La scopa del sistema (David Foster Wallace)

Un romanzo sconclusionatissimo. Consapevolmente sconclusionato. E se penso che l’ha scritto a ventiquattro anni resto ammirato anche dalla padronanza di tanto materiale.
Una storia quasi non c’è: la nonna scappata dall’ospizio con altri venticinque vecchietti è qui e là evocata ma ne perdiamo le tracce, che pure sembrano portare al Grande Deserto (artificiale) dell’Ohio, la cui costruzione – il momento della decisione – è descritta in un esilarante capitolo che da solo vale il libro.
Superato un momento di stanchezza per quella che mi sembrava una dispersione, ho smesso di sforzarmi di identificare i protagonisti, di seguire le evoluzioni delle loro interazioni relazionali e sono rimasto immerso nel piacere delle situazioni paradossali e della lingua sorprendente.
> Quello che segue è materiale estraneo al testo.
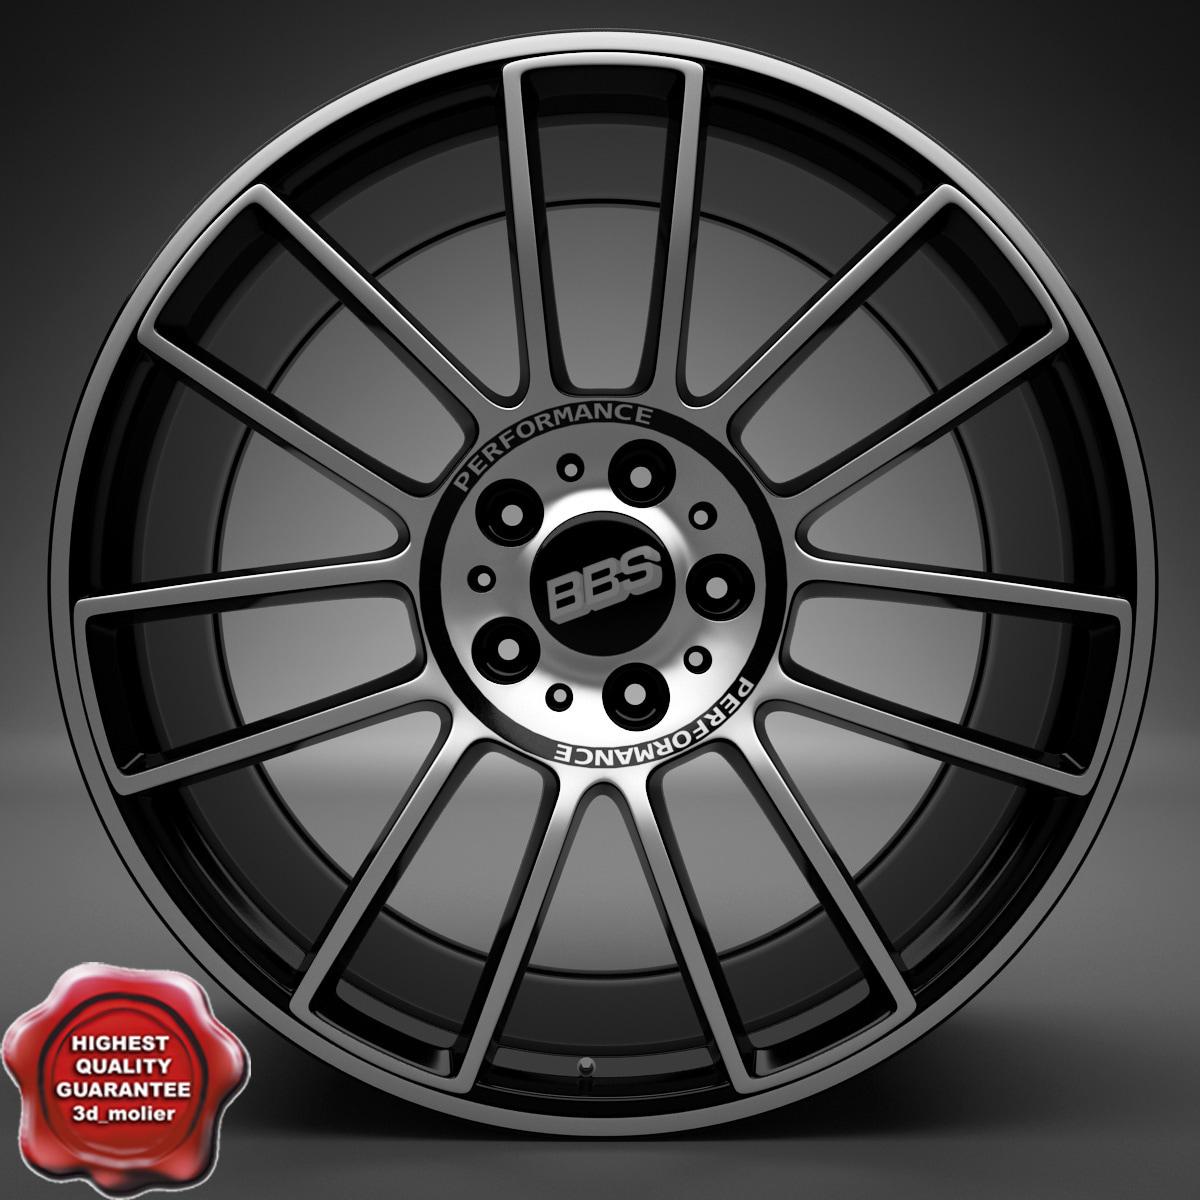 Auto_Wheel_Trim_BBS_cm_00.jpg
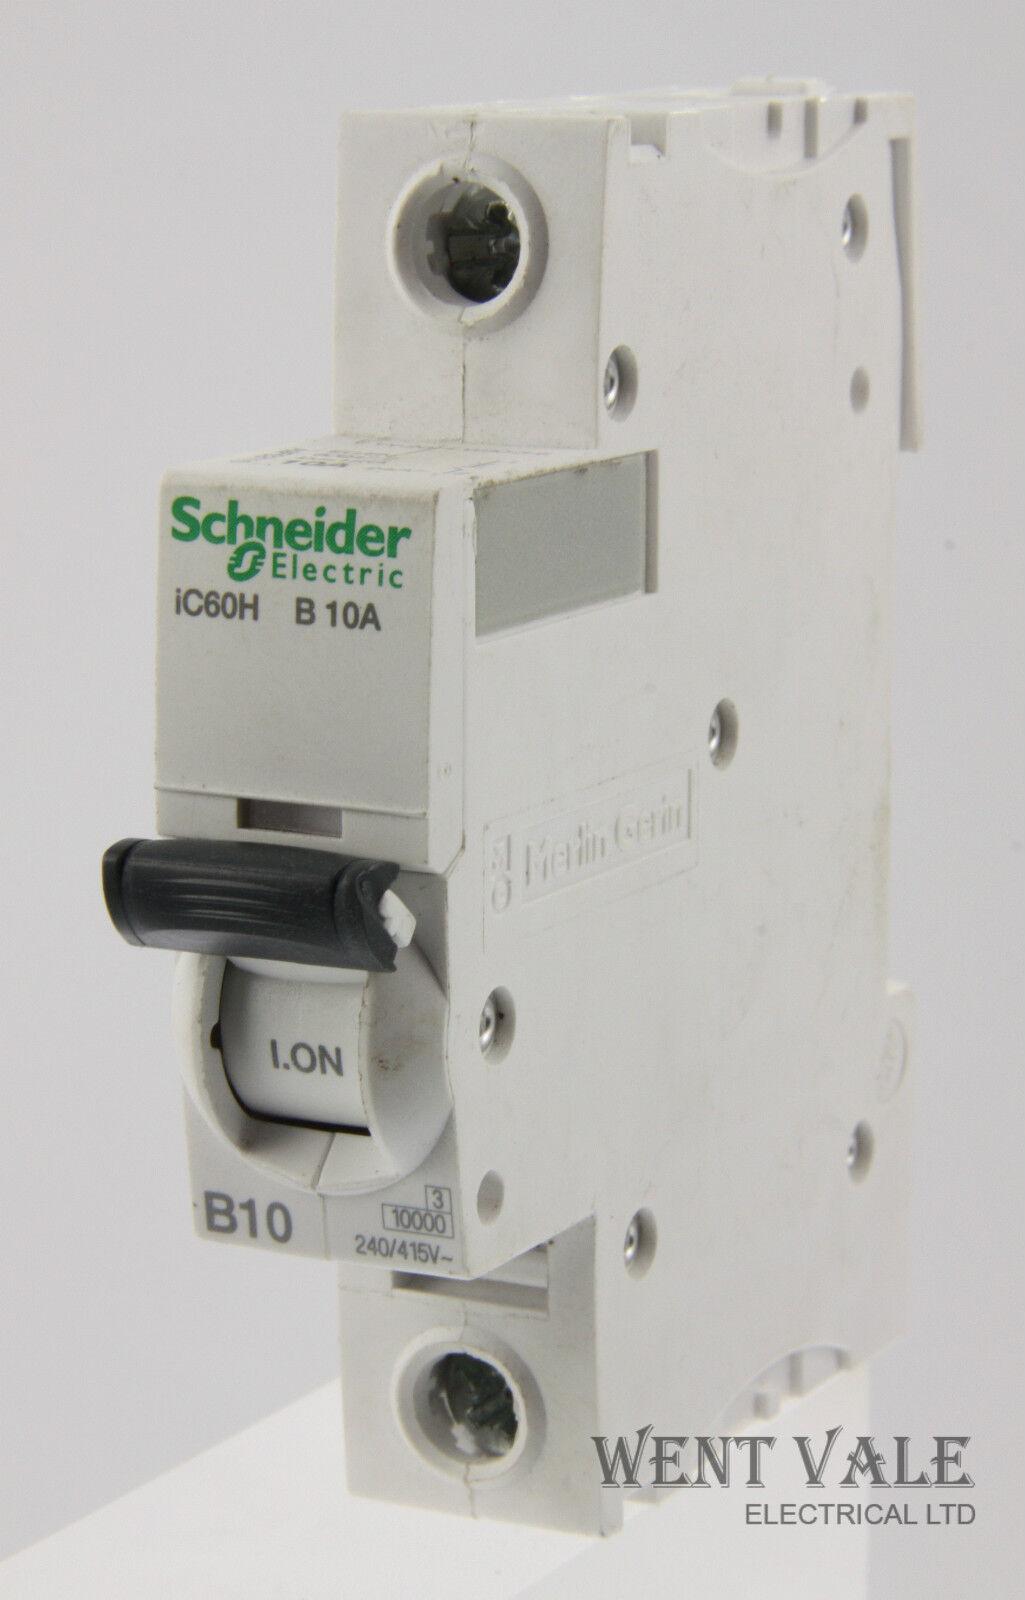 Schneider Acti 9 - iC60HB110 - 10a Type B Single Pole MCB Latest Model Unused

Il pappagallo che intercala il dialogo tra i due fidanzati con pezzi della conversazione svoltasi nello stesso luogo poche ore prima tra uno dei due e (forse) l’amante è un pezzo di bravura che dà un gusto ma un gusto! Quando poi il pappagallo diventa la voce di dio di un predicatore televisivo siamo proprio oltre. E il centralino telefonico con le sue diramazioni viventi, le due aziende concorrenti alla ricerca del mangime (!) per bambini che dia migliore dipendenza…
Insomma quando arrivo vicino alla fine mi dico e adesso come la conclude e dopo l’ultima pagina sono triste che non ce ne siano altre cinquecento.